Exploring further – anticipatory breach
Counsel whose brief is terminated in a manner as in Opanubi and Olatunji may hinge his claim for breach of contract on the doctrine of anticipatory breach. A claim for damages for anticipatory breach will be available where before performance is due, a client repudiates the contract by either renouncing it or disabling himself from performing it: Universal Cargo Carriers v Citati (1957) 2 KB 401 at 438. Counsel would thereafter be entitled to accept the client’s renunciation by treating the repudiation as an anticipatory breach and ending the contract.
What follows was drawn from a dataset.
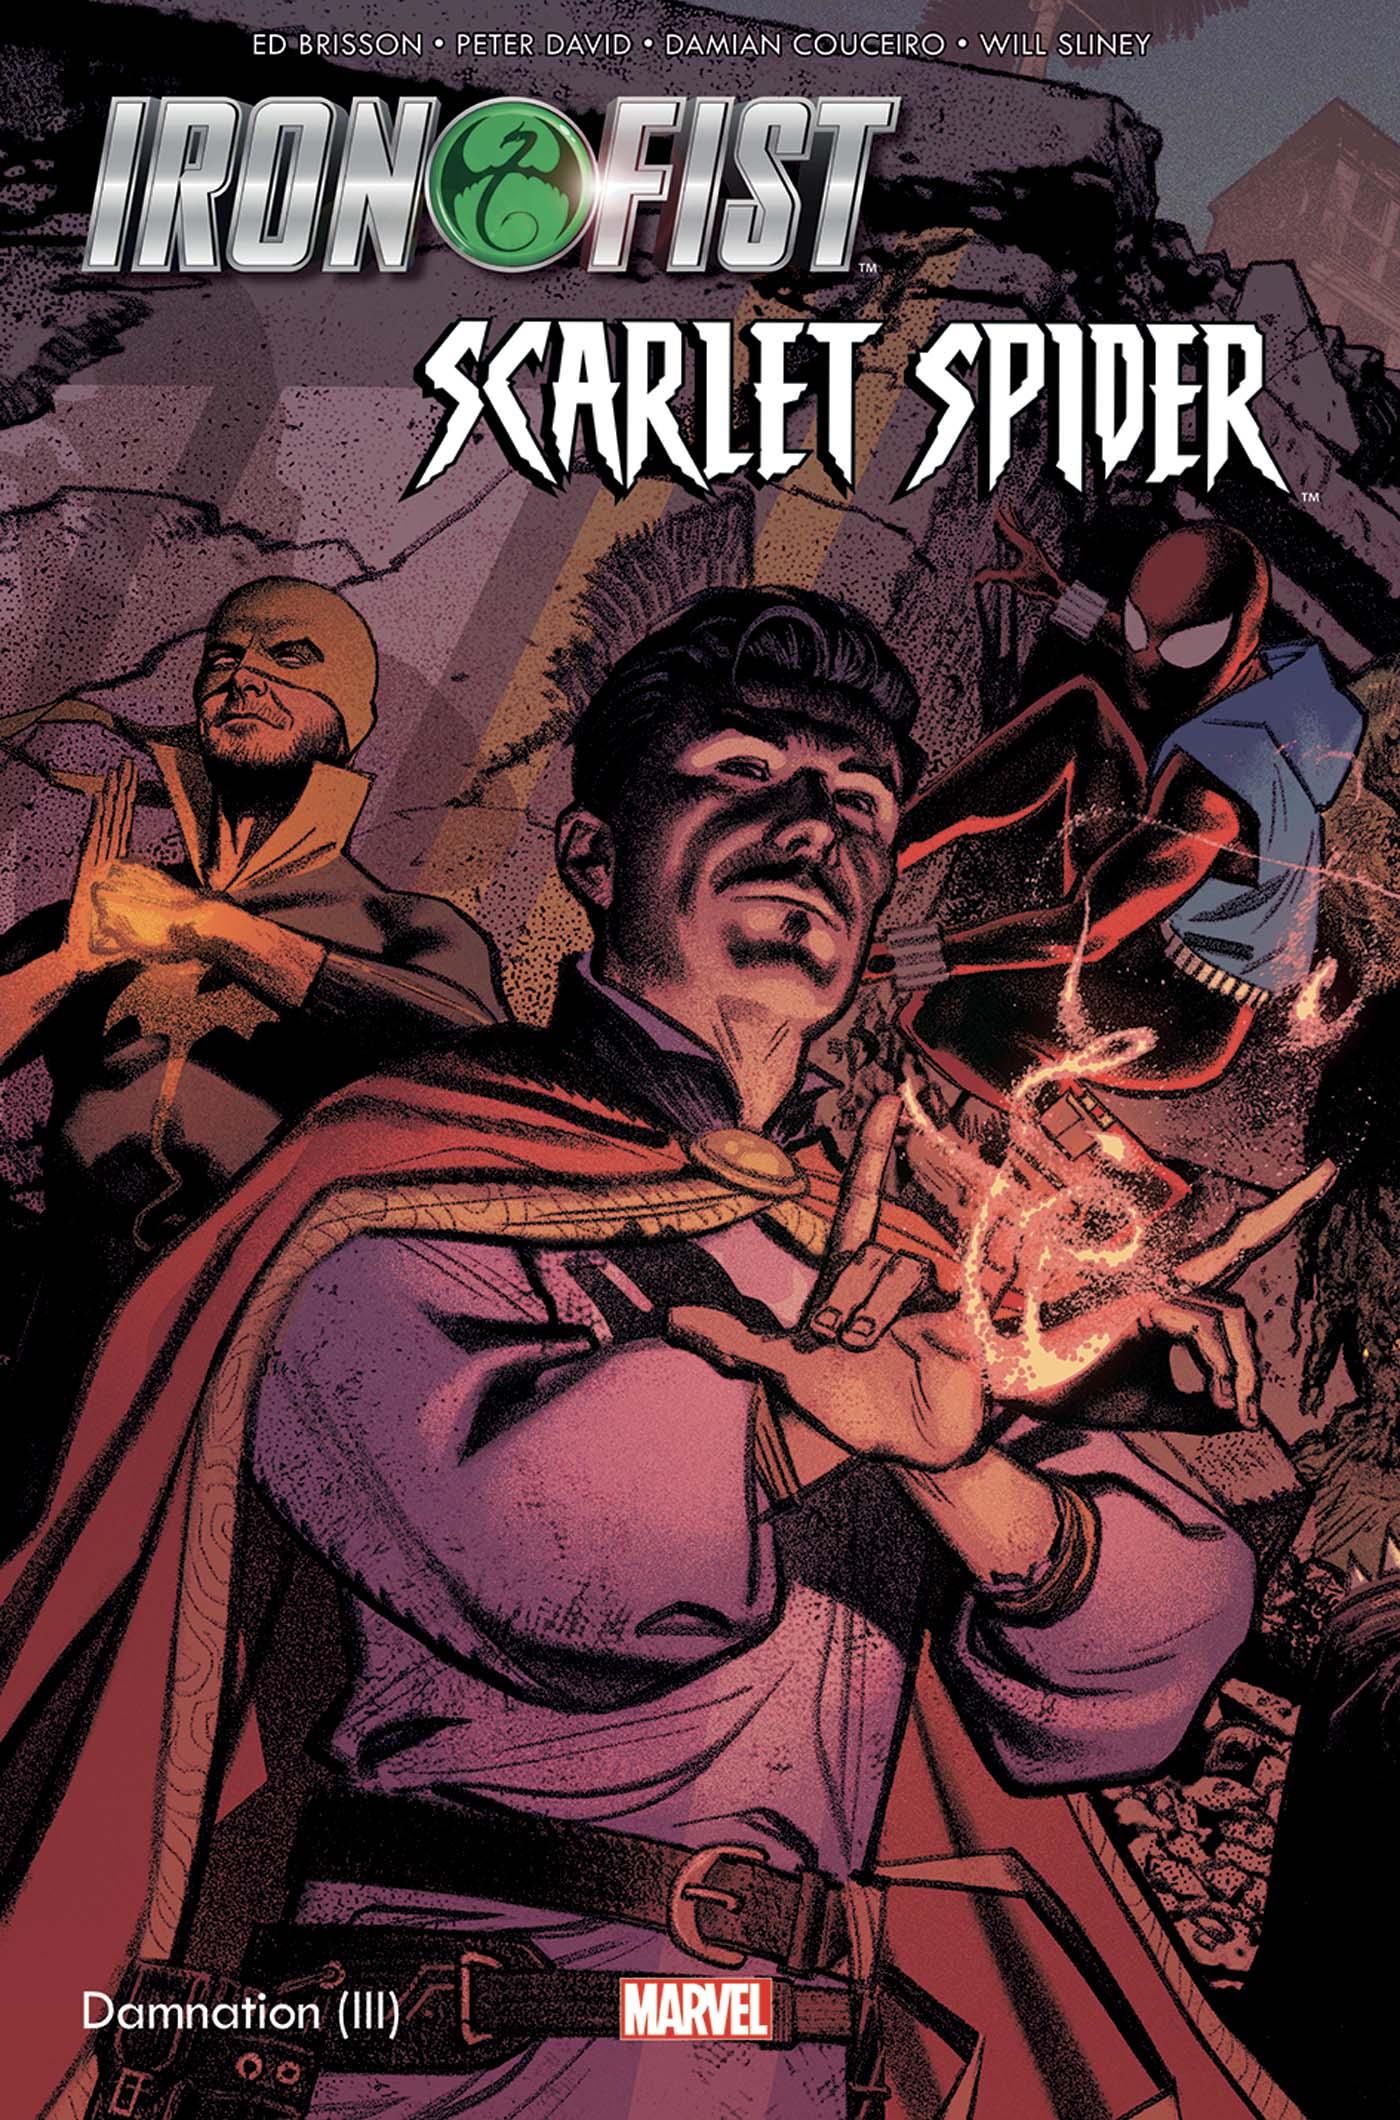 Damnation - Iron Fist et Scarlet Spider 1 - Damnation (III)

Where counsel opts to accept the client’s repudiation as an anticipatory breach, all contractual obligations under the contract come to an end and are replaced by operation of law with an obligation to pay money damages: Nigerian Supplies Manufacturing Co Ltd v NBC (1967) 1 All NLR 35 at 39. Damages in this regard are assessed by reference to the old obligations: Moschi v Lep Air Services Ltd (1973) AC 331 at 345G-346H. The termination of the briefs in Olatunji and Opanubi constituted an express repudiation of the contracts. It was incumbent on counsel in those cases to accept the repudiation as anticipatory breach. Anticipatory breach must be communicated for it to be effective. Communication is a question of fact, depending on the contractual relationship and the circumstances of the case: Vitol SA v Norelf Ltd (1996) QB 108, 116A-C. It is arguable that commencement of proceedings for breach of contract constituted acceptance of repudiation. However as per Olatunji, this argument can be easily punctured by counsel’s claim for “enforcement of the contract” at the trial court.
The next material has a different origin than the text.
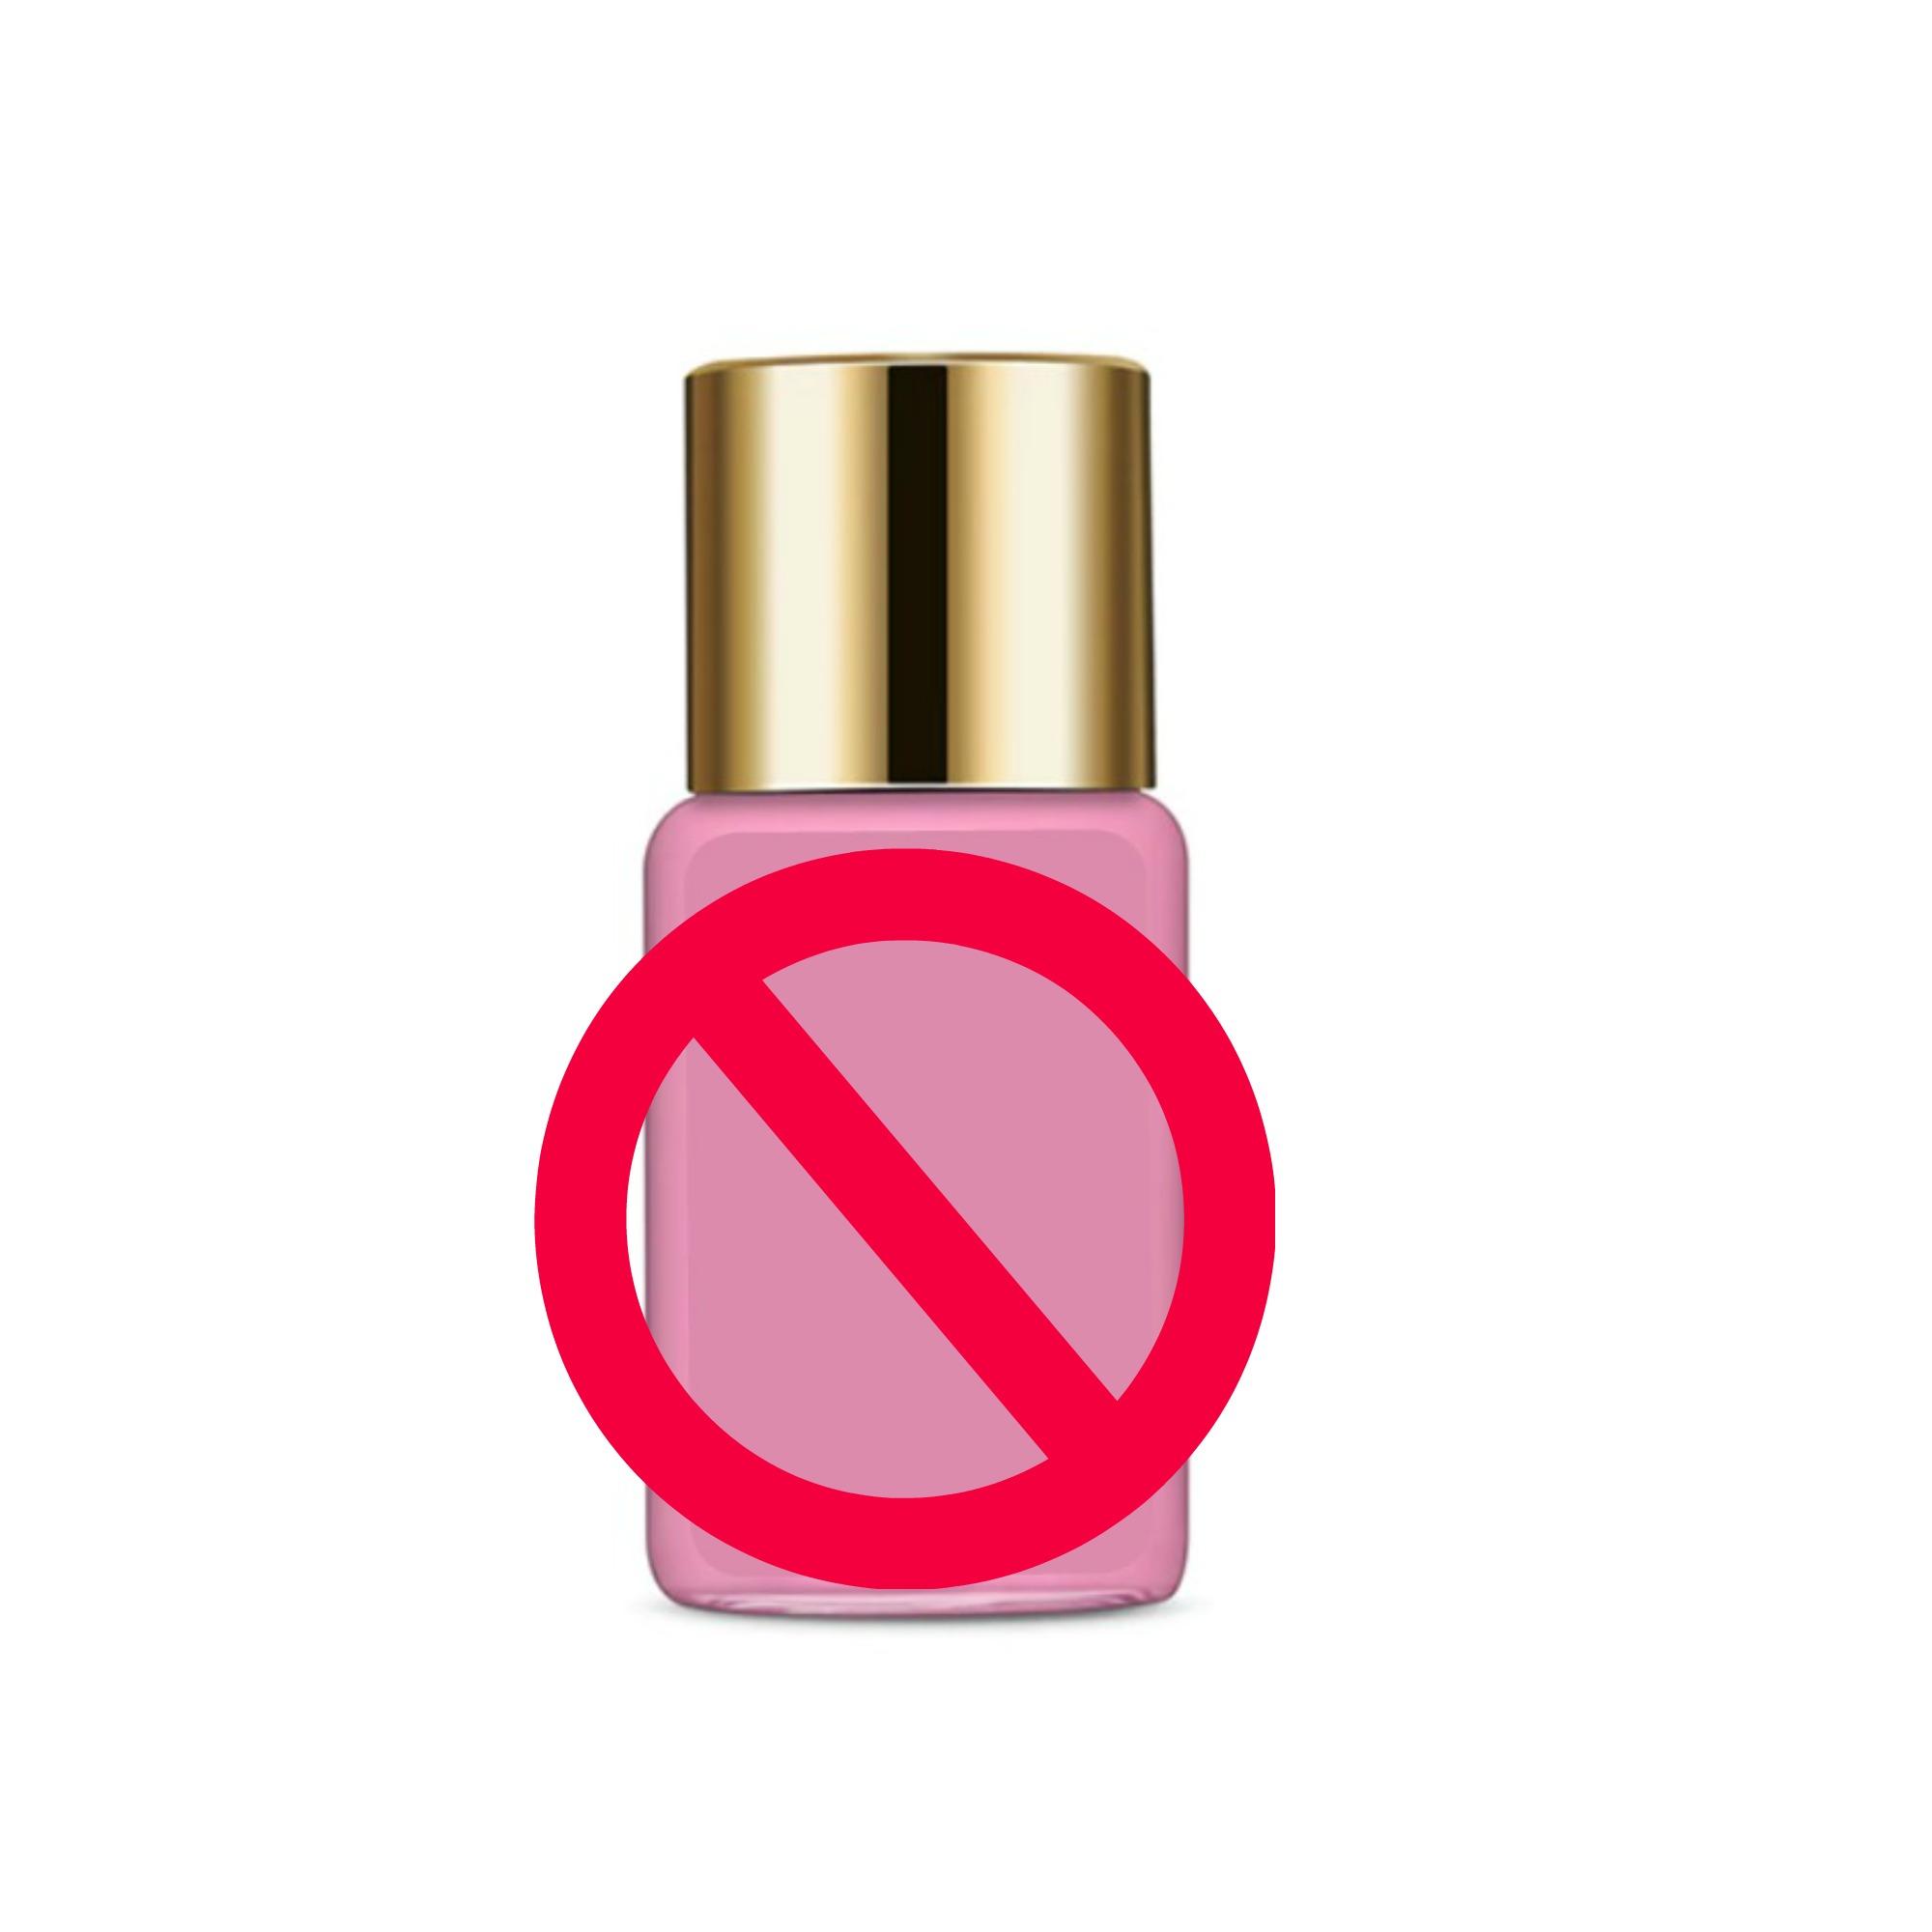 do-not-use-bottle-perm-cream.jpg

An alternative to accepting the client’s repudiation as an anticipatory breach is an affirmation of the contract. If counsel affirms the contract or brief, it will remain in force and counsel would have to await performance on the agreed performance date. In the event of default on the said performance date, counsel may then seek damages for actual breach of the contract. However, given the peculiar nature of the contract (i.e., the briefs), affirming would be virtually impracticable. It would amount to counsel attempting to impose themselves on unwilling clients, notwithstanding the termination of the briefs. This will fly in the face of the decision in Peterside v IMB (Nig) Ltd (supra) at 733D-E where the court stated that a party is entitled to counsel of his own choice and nobody, not even the courts, can deny one of that right.
A client has the right to debrief counsel at any time subject to payment of professional fees. Counsel ought to be mindful of potential contractual gaps where the professional fees depends on the amount of debt recovered. Whether a debriefing will constitute a breach of an implied term or anticipatory repudiation, entitling counsel to damages, will depend on the circumstances of each case. Where counsel’s effort has ensured that repayment of debt is on the horizon, a termination would smack of bad faith. Conversely, a client would be justified to debrief counsel for gross negligence, ineffectiveness or abandonment. Accordingly, a client would barely be faulted for terminating a brief without payment, notwithstanding that counsel had spent sleepless nights chasing debtors to pay and had taken all the steps available to ensure payment, where such efforts are fruitless and there appears to be no light at the end of the tunnel.